A importância dada à segurança em organizações hospitalares se deve ao fato incontestável de que esses ambientes são suscetíveis a muitos riscos, decorrentes de comportamentos humanos, acidentais ou intencionais, ou de fenômenos naturais. Estes riscos necessitam de um gerenciamento, levando-os a níveis aceitáveis pela instituição.
O vigilante patrimonial é o profissional que executa os procedimentos de controle de acesso e de pronta resposta nos casos onde se faz necessário, sempre com uma postura alerta e atitude firme, mas sem truculência e principalmente de maneira comprometida com os princípios básicos de humanização e hospitalidade. Este profissional é acima de tudo um prevencionista e, portanto deve inspecionar permanentemente o ambiente sob a sua vigilância, identificando perigos reais ou potenciais que possam causar danos as pessoas ou a organização.

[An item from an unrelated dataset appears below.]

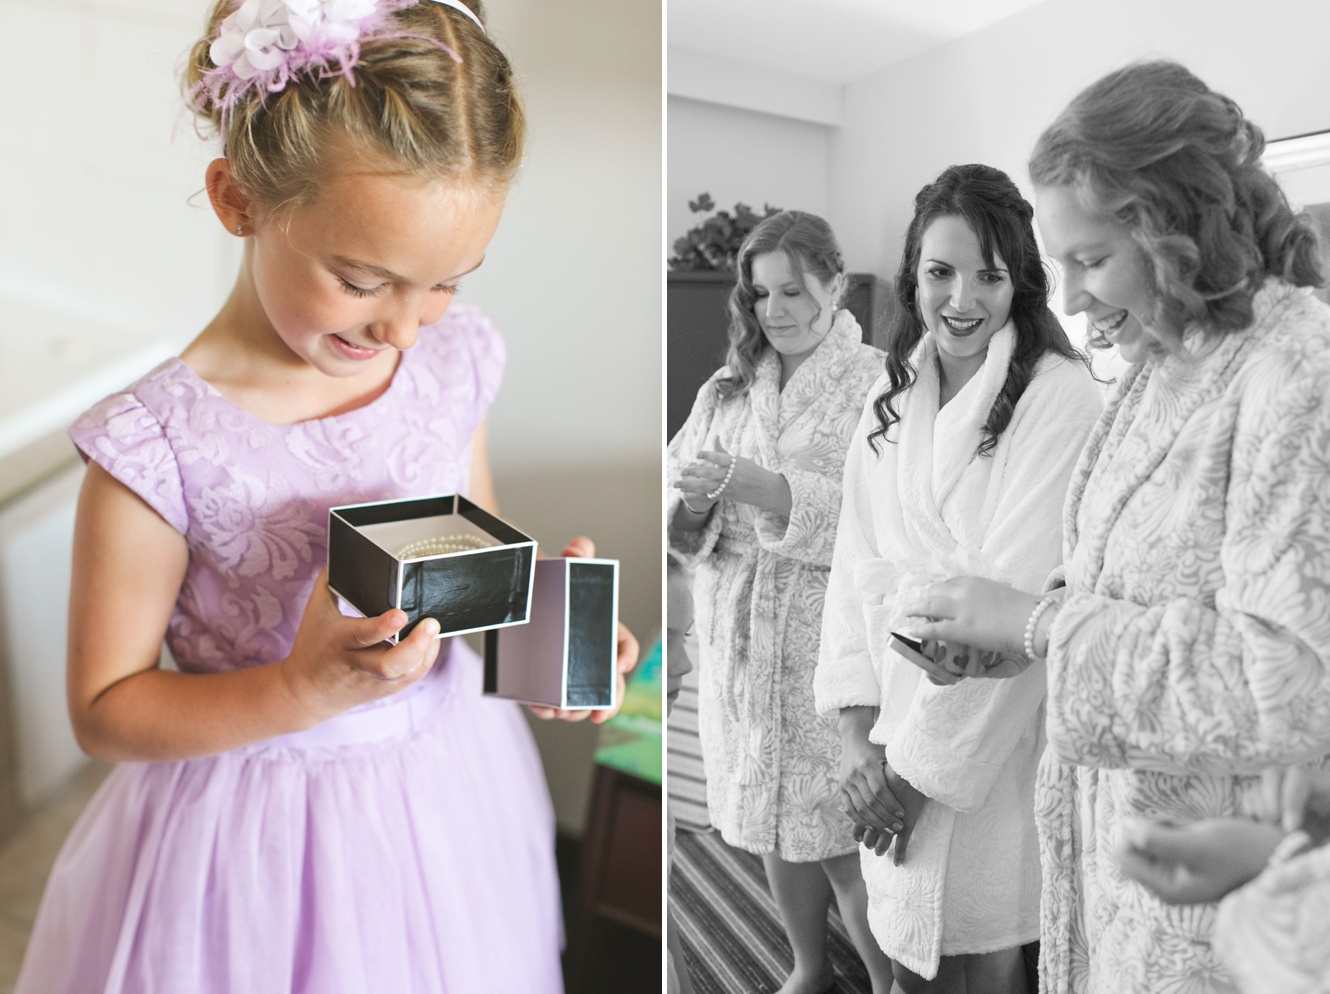 Giving gifts on your wedding day photo

O gestor de segurança patrimonial hospitalar deve participar sempre dos processos decisórios da organização, opinando tecnicamente sobre os impactos dos projetos internos sobre a segurança e o gerenciamento de riscos na organização. Suas recomendações certamente reduzirão as chances de insucesso desses projetos, evitando gastos e conflitos desnecessários, assim como o retrabalho e perda de tempo de profissionais.
Capacitar os colaboradores e parceiros também são missão do departamento de segurança patrimonial hospitalar, obtendo com isso uma efetiva redução na taxa de ocorrências ao conscientizar as pessoas a proverem também a sua própria segurança e dos bens da empresa. A prevenção e a proteção de profissionais da saúde contra a violência no seu local de trabalho é uma tarefa a ser executada em conjunto com os profissionais de segurança, que devem treinar seus colegas da área assistencial a identificar os sinais de alerta de uma potencial agressão, possibilitando afastar-se do perigo antes que lhe cause danos.
Na prática a estruturação de um departamento de segurança patrimonial hospitalar eficiente não é tarefa fácil, pois depende muito da importância dada pela alta administração ao tema, que por sua vez tem diversas dúvidas quanto à melhor forma de conduzir um processo de implantação desse serviço de apoio administrativo.
No Brasil, entidades como a ABSEG - Associação Brasileira de Profissionais de Segurança e a ABSO - Associação Brasileira dos Profissionais de Segurança Orgânica, possuem grupos de estudos dedicados ao desenvolvimento da Segurança Patrimonial Hospitalar, a exemplo da IAHSS - International Association for Healthcare Safety and Security, nos Estados Unidos da América do Norte.